Don’t say we didn’t warn you. In previous interesting articles, various possibilities were mooted. Now a hairy professor at Harvard University, in the US, is planning to speed up our reincarnation of the hairiest animal that ever lived-the Woolly Mammoth, Mammuthus primigenius. Quite closely related to the Asian Elephas and descended from the African Loxodonta, mammoths differ in their cold-tolerance by virtue of around 14 alleles in their genome from that of their closest relative.

Professor George Church plans to insert these genes into Asian elephant embryos and study how they develop. His viewpoint is that we have caused so much extinction, the means of recreating recently extinct (about 3,300 years only according to remains on Wrangel Island in Siberia) species should be a useful technology. The name of the worthy-enough game is De-extinction. Genetic engineers in Japan and Russia have been longing to slip a working genome of the mammoth into the Elephas egg for years. Here is our story on the discovery of the little mammoth, Yuka. Cutting short the time for such progress will bring us mammephants with thick hair and subcutaneous fat, small ears and special haemoglobin, in a short time.

Already, the 14 alleles function well with the elephant genome. Using the related species as a template is a much better idea, possibly, than using the actual elephant genome + 14 definitive genes. That is yet to be achieved, but this kind of animal will be so close to a mammoth, we probably won’t be able to detect much difference. Author, Beth Shapiro, has cashed in on this odd Mammoth Race by writing a book, How to Clone a Mammoth. From the University of California, she will advertise her theories on May 21st at the Royal Institution in London.

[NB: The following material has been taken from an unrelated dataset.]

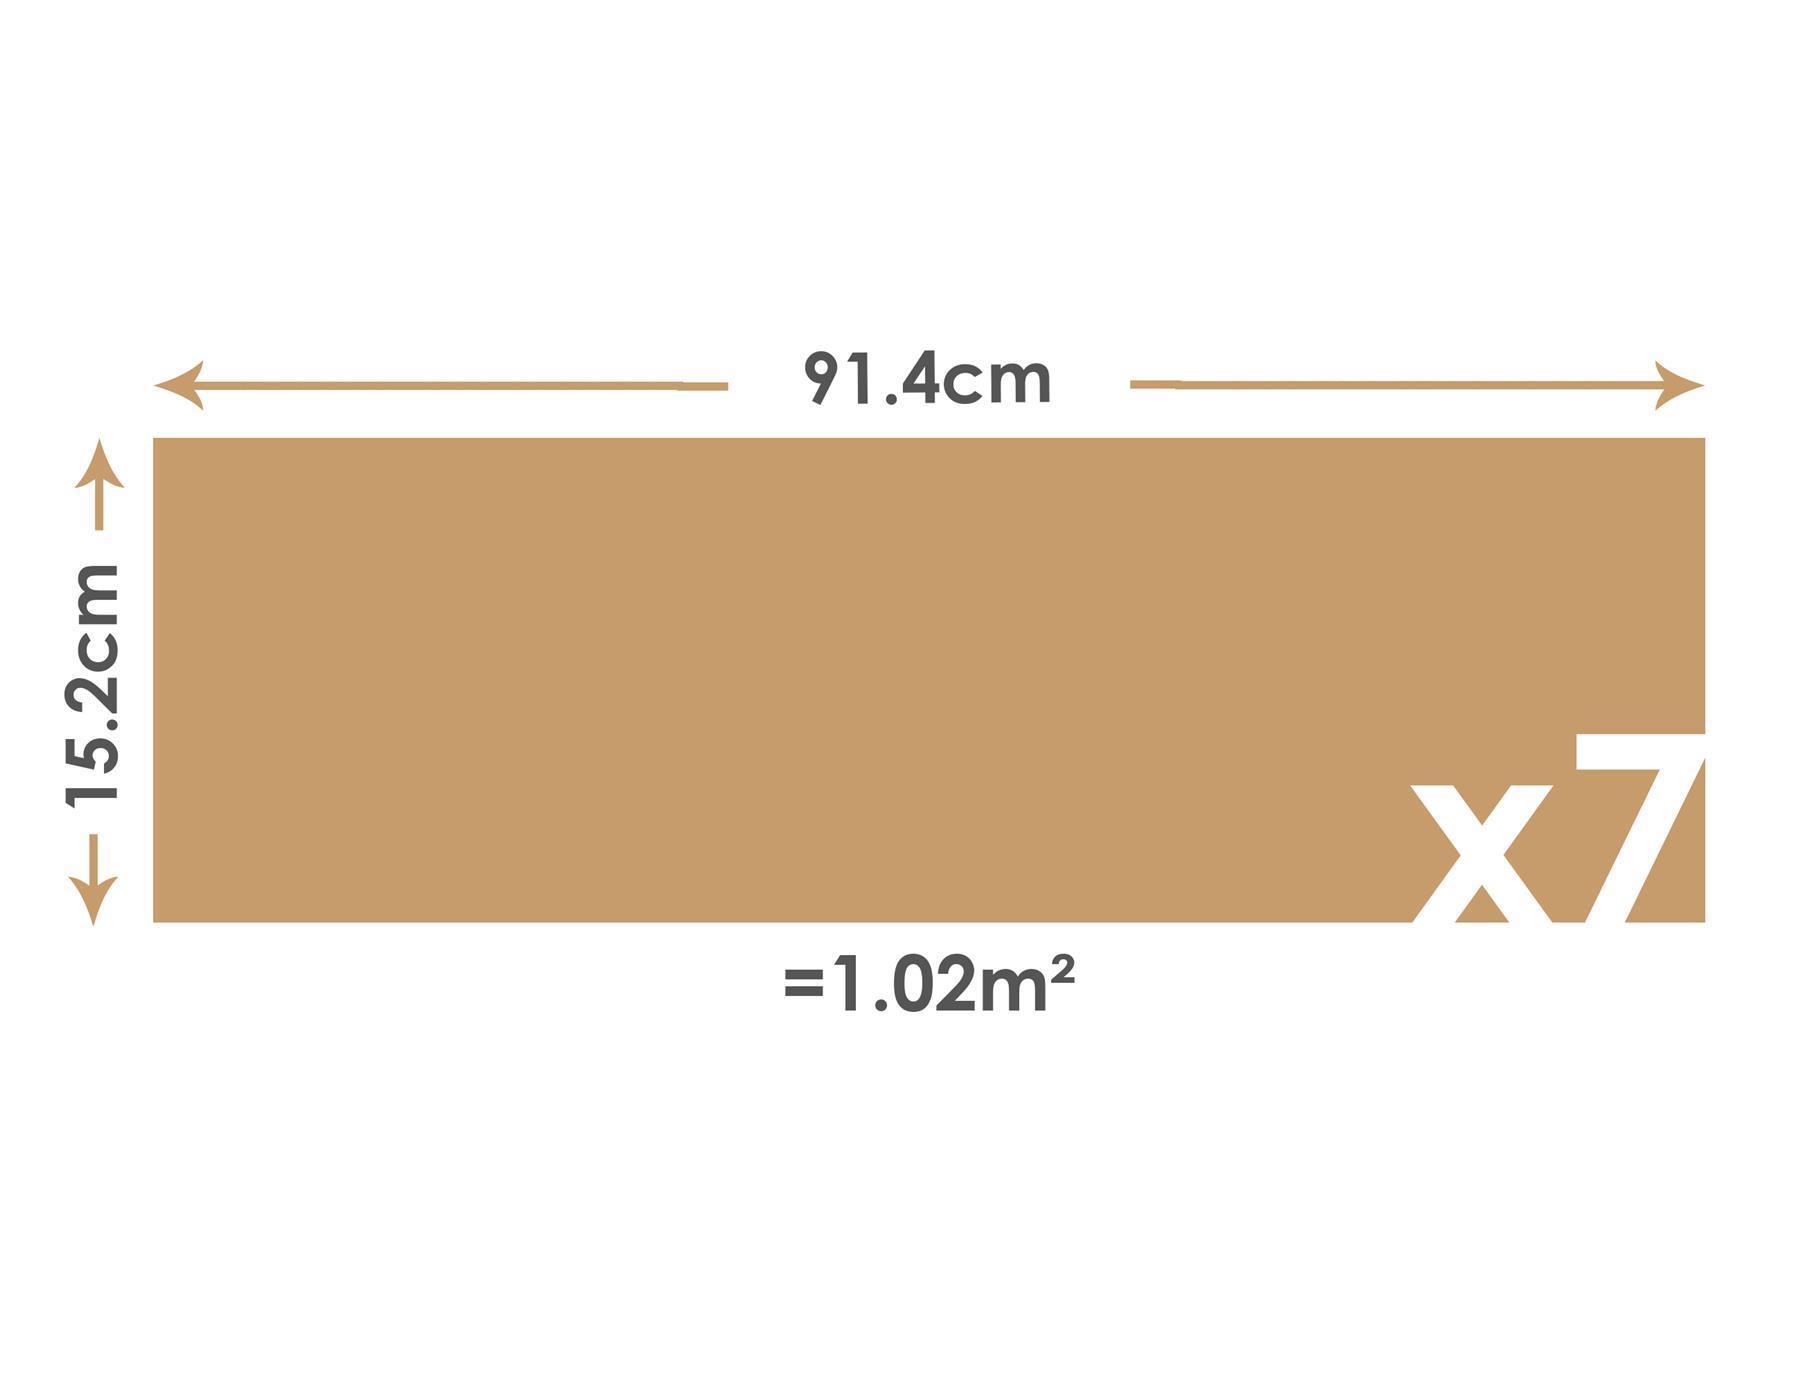 thumbnail 20 - Floor Planks Tiles Self Adhesive Vinyl Brown Wood Flooring Kitchen Bathroom

Realism would be a useful injection into the DNA of those working on genetic projects such as these. Disease research has certainly benefited from genome studies and bacterial modification. The future of some genetic engineering is very bright. To consider our depleted ecosystems as suitable for reconstruction by large mammals is another situation altogether, While disease would normally only be eradicated, the precious habitats that we are losing could be as damaged as many others by anthropogenic introduction. It is interesting that Professor Church doesn’t intend publishing his Crispr technique yet, apart from noting the precision editing he employs with the elephant DNA.

The conclusion? We need finance for conservation, not reincarnation. The mammoth could be a useful consumer on the melting and emptying tundra, but donors would be needed to extend the experiment over centuries. The project is not simply a flash in the pan, doomed to neglect when senior scientists die off, like the mammoth. If we need more creatures on earth, perhaps it is a sad truth that if they have died out, they had their chance, and they lost. Very few will get this chance, including almost all of those becoming extinct right now.